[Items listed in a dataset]
[Start of Attachment]

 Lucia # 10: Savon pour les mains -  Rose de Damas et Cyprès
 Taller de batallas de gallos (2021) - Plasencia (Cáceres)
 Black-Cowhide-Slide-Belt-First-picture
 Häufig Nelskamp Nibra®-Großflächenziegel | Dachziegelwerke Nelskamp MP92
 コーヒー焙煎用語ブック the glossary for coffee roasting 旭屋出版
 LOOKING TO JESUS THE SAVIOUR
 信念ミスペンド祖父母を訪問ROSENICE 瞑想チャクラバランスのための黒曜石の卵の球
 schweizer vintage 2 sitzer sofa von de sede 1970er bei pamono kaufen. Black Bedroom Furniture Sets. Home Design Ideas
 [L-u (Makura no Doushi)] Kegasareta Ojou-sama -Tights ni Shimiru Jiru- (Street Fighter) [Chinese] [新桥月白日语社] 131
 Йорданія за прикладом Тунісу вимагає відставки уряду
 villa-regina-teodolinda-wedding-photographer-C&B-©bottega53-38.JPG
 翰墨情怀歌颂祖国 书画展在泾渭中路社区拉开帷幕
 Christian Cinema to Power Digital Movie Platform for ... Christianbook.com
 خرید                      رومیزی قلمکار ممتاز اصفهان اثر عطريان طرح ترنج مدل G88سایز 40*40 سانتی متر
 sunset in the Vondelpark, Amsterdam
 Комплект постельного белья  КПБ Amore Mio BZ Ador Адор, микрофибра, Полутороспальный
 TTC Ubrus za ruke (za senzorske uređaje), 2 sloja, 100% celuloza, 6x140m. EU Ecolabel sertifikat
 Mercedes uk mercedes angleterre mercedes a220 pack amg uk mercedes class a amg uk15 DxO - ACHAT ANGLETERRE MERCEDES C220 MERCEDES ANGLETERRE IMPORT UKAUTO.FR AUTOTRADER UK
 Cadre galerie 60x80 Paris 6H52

[End of Attachment]

(TASK OBJECTIVE):
Starting at the line that contains "Christian Cinema to", write out every line through the last one in the data above, exactly as it stands.

(SOLUTION FOR THIS PROBLEM):
 Christian Cinema to Power Digital Movie Platform for ... Christianbook.com
 خرید                      رومیزی قلمکار ممتاز اصفهان اثر عطريان طرح ترنج مدل G88سایز 40*40 سانتی متر
 sunset in the Vondelpark, Amsterdam
 Комплект постельного белья  КПБ Amore Mio BZ Ador Адор, микрофибра, Полутороспальный
 TTC Ubrus za ruke (za senzorske uređaje), 2 sloja, 100% celuloza, 6x140m. EU Ecolabel sertifikat
 Mercedes uk mercedes angleterre mercedes a220 pack amg uk mercedes class a amg uk15 DxO - ACHAT ANGLETERRE MERCEDES C220 MERCEDES ANGLETERRE IMPORT UKAUTO.FR AUTOTRADER UK
 Cadre galerie 60x80 Paris 6H52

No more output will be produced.